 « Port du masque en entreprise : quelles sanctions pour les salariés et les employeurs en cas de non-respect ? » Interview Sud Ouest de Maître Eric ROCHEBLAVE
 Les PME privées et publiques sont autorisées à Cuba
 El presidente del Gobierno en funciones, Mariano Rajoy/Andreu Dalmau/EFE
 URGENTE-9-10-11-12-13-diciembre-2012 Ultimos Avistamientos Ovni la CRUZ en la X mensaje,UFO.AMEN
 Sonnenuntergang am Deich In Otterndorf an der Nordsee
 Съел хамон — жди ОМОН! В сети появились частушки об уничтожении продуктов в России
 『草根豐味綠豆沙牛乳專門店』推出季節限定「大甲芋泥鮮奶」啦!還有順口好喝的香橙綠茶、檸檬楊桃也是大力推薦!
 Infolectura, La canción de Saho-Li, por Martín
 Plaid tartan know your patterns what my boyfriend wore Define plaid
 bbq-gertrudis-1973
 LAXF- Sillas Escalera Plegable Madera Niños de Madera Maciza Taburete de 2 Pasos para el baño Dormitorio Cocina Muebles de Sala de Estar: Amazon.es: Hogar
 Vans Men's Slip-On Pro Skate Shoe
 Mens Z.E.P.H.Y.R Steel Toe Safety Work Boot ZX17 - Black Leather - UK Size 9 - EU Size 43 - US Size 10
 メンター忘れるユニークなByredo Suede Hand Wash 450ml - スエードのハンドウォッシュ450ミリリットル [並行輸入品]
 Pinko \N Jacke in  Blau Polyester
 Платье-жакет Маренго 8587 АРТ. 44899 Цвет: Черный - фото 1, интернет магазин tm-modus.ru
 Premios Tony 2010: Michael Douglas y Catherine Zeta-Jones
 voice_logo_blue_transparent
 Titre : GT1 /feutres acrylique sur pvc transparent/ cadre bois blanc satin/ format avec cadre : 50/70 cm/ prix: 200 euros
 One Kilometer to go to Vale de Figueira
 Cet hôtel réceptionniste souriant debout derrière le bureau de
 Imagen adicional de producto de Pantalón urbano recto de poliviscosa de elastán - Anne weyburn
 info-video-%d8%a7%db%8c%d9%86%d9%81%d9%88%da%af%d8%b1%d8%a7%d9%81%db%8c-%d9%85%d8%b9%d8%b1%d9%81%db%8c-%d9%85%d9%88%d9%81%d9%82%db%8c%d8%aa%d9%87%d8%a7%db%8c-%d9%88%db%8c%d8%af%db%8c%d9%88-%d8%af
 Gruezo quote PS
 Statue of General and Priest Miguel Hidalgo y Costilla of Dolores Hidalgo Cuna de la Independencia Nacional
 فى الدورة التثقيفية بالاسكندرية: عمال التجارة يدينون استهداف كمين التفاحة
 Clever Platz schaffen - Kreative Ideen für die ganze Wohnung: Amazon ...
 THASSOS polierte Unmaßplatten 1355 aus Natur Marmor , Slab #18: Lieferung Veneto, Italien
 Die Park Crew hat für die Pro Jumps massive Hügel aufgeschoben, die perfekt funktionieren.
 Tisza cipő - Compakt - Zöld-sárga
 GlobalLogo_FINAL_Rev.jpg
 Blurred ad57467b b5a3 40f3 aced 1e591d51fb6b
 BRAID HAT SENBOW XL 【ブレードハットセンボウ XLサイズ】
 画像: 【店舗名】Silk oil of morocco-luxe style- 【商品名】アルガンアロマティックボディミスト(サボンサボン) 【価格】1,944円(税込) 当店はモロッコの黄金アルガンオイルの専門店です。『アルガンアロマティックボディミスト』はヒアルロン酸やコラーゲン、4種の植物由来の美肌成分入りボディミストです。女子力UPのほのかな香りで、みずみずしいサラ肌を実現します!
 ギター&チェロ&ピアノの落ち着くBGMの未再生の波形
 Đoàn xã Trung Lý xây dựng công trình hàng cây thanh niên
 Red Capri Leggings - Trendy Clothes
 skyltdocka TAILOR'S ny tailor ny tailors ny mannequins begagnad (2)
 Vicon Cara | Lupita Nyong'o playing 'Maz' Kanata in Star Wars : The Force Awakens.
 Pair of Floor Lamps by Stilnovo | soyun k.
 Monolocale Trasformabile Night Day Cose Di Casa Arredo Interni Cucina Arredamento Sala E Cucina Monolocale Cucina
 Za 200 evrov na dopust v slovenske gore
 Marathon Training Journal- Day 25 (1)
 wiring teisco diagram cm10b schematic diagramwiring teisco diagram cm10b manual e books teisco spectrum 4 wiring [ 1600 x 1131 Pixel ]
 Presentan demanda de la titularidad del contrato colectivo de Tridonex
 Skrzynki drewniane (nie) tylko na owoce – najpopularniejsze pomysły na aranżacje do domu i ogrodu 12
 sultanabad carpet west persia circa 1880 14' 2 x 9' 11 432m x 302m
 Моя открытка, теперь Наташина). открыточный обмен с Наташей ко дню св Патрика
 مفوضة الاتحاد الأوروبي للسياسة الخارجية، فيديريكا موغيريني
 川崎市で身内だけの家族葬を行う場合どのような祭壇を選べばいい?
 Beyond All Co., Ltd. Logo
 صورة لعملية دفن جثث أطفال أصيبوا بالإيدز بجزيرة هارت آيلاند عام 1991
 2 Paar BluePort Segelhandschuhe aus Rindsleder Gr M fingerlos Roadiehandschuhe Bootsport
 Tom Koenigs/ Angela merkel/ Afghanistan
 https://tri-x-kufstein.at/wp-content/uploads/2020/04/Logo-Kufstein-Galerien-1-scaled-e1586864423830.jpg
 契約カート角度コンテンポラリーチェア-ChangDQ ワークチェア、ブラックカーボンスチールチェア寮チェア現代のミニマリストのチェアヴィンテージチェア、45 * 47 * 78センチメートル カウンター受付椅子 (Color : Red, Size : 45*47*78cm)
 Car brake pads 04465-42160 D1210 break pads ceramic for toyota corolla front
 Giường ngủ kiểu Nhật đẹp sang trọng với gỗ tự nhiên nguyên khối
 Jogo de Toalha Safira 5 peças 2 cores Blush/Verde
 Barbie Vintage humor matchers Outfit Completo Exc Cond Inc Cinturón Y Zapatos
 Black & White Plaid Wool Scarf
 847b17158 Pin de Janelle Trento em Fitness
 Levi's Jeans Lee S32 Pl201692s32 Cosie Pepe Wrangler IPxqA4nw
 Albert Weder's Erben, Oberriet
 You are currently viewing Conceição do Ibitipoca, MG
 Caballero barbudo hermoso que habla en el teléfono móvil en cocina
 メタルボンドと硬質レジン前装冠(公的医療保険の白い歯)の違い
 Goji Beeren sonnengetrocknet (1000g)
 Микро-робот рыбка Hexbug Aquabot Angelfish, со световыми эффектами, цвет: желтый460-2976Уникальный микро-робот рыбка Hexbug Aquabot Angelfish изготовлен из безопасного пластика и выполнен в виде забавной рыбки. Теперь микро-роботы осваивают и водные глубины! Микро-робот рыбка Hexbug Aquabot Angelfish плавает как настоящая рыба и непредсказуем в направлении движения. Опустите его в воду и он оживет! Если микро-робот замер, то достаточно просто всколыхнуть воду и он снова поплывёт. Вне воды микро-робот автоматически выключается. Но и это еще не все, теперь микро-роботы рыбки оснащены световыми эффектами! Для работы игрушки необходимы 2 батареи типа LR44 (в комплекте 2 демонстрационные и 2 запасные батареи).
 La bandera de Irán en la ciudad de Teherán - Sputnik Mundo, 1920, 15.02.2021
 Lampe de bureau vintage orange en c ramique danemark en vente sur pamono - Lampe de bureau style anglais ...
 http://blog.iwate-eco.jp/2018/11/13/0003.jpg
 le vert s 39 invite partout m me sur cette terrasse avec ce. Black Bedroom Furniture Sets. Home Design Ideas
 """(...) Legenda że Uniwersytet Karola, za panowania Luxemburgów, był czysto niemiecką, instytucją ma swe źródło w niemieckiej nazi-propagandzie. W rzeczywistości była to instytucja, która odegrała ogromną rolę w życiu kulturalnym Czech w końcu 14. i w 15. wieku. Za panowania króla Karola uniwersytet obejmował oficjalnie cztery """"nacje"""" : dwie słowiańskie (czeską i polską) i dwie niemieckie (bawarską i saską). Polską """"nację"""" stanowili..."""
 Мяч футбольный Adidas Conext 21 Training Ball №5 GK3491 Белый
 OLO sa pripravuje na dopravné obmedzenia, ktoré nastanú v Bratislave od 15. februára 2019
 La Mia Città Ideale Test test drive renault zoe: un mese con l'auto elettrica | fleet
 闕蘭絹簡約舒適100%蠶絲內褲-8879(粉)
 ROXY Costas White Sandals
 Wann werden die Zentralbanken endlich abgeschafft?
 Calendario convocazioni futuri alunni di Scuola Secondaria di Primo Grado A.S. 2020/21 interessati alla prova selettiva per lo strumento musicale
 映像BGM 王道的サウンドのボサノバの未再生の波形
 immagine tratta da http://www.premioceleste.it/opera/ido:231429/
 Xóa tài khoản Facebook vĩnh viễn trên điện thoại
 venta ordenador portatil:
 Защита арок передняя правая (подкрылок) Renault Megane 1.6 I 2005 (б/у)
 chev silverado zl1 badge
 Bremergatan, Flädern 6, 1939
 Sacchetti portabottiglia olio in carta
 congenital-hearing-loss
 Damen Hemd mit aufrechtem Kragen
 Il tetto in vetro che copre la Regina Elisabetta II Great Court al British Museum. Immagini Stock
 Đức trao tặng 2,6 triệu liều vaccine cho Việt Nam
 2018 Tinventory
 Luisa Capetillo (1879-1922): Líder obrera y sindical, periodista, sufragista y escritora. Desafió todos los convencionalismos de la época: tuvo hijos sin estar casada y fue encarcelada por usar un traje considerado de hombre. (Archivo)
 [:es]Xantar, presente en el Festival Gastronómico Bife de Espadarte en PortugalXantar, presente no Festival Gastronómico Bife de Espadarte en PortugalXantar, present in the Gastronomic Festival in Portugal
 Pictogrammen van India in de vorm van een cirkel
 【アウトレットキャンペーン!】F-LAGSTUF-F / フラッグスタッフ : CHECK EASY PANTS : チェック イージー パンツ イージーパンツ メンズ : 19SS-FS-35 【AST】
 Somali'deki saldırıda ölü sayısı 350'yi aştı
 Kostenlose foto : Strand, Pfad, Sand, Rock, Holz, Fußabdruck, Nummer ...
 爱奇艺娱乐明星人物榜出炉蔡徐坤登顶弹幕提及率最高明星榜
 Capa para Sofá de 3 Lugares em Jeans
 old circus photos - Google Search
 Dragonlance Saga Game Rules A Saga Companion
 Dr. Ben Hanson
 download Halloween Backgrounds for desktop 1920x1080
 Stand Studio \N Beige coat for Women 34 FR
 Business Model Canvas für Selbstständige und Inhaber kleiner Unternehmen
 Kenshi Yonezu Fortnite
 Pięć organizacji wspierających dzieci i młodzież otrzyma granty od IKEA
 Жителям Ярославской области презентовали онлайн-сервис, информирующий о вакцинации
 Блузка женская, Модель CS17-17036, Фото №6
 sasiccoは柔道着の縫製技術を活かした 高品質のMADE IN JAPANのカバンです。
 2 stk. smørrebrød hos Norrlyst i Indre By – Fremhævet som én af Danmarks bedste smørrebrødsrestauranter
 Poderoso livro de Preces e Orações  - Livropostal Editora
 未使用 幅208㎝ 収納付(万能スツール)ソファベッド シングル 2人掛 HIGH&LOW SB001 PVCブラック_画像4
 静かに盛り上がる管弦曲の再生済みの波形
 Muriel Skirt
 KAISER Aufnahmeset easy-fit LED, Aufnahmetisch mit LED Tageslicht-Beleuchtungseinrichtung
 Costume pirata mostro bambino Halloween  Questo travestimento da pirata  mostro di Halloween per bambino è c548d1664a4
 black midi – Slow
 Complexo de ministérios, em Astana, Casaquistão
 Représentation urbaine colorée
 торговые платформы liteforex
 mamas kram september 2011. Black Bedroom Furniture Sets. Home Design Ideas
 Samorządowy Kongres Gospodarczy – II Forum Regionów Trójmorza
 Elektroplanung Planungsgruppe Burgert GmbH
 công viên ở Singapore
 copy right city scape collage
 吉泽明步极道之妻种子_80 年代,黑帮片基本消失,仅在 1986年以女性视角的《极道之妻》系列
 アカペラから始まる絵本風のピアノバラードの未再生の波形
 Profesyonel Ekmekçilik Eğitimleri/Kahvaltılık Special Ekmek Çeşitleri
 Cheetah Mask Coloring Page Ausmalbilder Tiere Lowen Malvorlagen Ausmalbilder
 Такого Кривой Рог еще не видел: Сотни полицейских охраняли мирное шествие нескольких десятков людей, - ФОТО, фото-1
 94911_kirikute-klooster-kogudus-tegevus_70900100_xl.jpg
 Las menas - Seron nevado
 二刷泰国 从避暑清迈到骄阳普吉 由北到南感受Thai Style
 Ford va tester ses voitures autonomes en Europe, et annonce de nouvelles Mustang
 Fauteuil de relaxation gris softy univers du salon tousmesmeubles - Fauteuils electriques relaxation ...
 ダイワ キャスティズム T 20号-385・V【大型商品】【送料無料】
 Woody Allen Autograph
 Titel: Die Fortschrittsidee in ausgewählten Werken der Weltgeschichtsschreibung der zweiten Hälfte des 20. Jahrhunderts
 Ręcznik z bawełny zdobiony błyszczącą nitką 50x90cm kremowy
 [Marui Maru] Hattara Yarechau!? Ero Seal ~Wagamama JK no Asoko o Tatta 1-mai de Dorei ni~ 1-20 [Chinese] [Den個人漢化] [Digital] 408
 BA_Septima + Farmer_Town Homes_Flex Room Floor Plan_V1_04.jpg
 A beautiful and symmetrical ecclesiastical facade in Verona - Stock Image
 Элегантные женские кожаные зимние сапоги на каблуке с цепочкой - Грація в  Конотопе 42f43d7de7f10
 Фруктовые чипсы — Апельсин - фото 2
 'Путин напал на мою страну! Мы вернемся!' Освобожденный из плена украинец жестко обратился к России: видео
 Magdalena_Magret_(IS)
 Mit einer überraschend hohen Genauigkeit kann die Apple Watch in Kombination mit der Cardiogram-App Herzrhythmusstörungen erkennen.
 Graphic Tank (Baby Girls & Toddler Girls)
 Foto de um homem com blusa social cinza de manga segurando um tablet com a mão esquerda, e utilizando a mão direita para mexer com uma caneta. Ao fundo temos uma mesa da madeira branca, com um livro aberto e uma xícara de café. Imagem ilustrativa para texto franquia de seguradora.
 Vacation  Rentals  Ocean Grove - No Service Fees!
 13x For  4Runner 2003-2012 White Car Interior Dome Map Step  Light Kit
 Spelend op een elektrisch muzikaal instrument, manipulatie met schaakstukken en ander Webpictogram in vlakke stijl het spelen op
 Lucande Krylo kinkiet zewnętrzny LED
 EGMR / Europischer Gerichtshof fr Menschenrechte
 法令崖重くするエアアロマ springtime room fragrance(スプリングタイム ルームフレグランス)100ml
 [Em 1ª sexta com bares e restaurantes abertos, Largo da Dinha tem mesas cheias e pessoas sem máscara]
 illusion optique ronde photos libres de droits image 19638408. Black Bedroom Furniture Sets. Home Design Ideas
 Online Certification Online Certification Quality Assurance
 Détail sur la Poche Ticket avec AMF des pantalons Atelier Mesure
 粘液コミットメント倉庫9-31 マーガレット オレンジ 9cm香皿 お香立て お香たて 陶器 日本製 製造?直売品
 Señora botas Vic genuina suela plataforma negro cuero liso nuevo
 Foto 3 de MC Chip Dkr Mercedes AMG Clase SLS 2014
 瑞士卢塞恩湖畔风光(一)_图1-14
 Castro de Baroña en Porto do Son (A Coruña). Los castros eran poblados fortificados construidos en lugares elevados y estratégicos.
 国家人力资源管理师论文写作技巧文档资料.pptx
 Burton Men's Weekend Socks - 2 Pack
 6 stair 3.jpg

━━━━━━━━━━━━━━━━━━━━

WHAT YOU SHOULD DO - Only the lines from the one containing "Blurred ad57467b b5a3 40f3 aced 1e591d51fb6b" through the one containing "صورة لعملية دفن" are to be retyped, both boundary lines included, with no other material.

YOUR SOLUTION -
 Blurred ad57467b b5a3 40f3 aced 1e591d51fb6b
 BRAID HAT SENBOW XL 【ブレードハットセンボウ XLサイズ】
 画像: 【店舗名】Silk oil of morocco-luxe style- 【商品名】アルガンアロマティックボディミスト(サボンサボン) 【価格】1,944円(税込) 当店はモロッコの黄金アルガンオイルの専門店です。『アルガンアロマティックボディミスト』はヒアルロン酸やコラーゲン、4種の植物由来の美肌成分入りボディミストです。女子力UPのほのかな香りで、みずみずしいサラ肌を実現します!
 ギター&チェロ&ピアノの落ち着くBGMの未再生の波形
 Đoàn xã Trung Lý xây dựng công trình hàng cây thanh niên
 Red Capri Leggings - Trendy Clothes
 skyltdocka TAILOR'S ny tailor ny tailors ny mannequins begagnad (2)
 Vicon Cara | Lupita Nyong'o playing 'Maz' Kanata in Star Wars : The Force Awakens.
 Pair of Floor Lamps by Stilnovo | soyun k.
 Monolocale Trasformabile Night Day Cose Di Casa Arredo Interni Cucina Arredamento Sala E Cucina Monolocale Cucina
 Za 200 evrov na dopust v slovenske gore
 Marathon Training Journal- Day 25 (1)
 wiring teisco diagram cm10b schematic diagramwiring teisco diagram cm10b manual e books teisco spectrum 4 wiring [ 1600 x 1131 Pixel ]
 Presentan demanda de la titularidad del contrato colectivo de Tridonex
 Skrzynki drewniane (nie) tylko na owoce – najpopularniejsze pomysły na aranżacje do domu i ogrodu 12
 sultanabad carpet west persia circa 1880 14' 2 x 9' 11 432m x 302m
 Моя открытка, теперь Наташина). открыточный обмен с Наташей ко дню св Патрика
 مفوضة الاتحاد الأوروبي للسياسة الخارجية، فيديريكا موغيريني
 川崎市で身内だけの家族葬を行う場合どのような祭壇を選べばいい?
 Beyond All Co., Ltd. Logo
 صورة لعملية دفن جثث أطفال أصيبوا بالإيدز بجزيرة هارت آيلاند عام 1991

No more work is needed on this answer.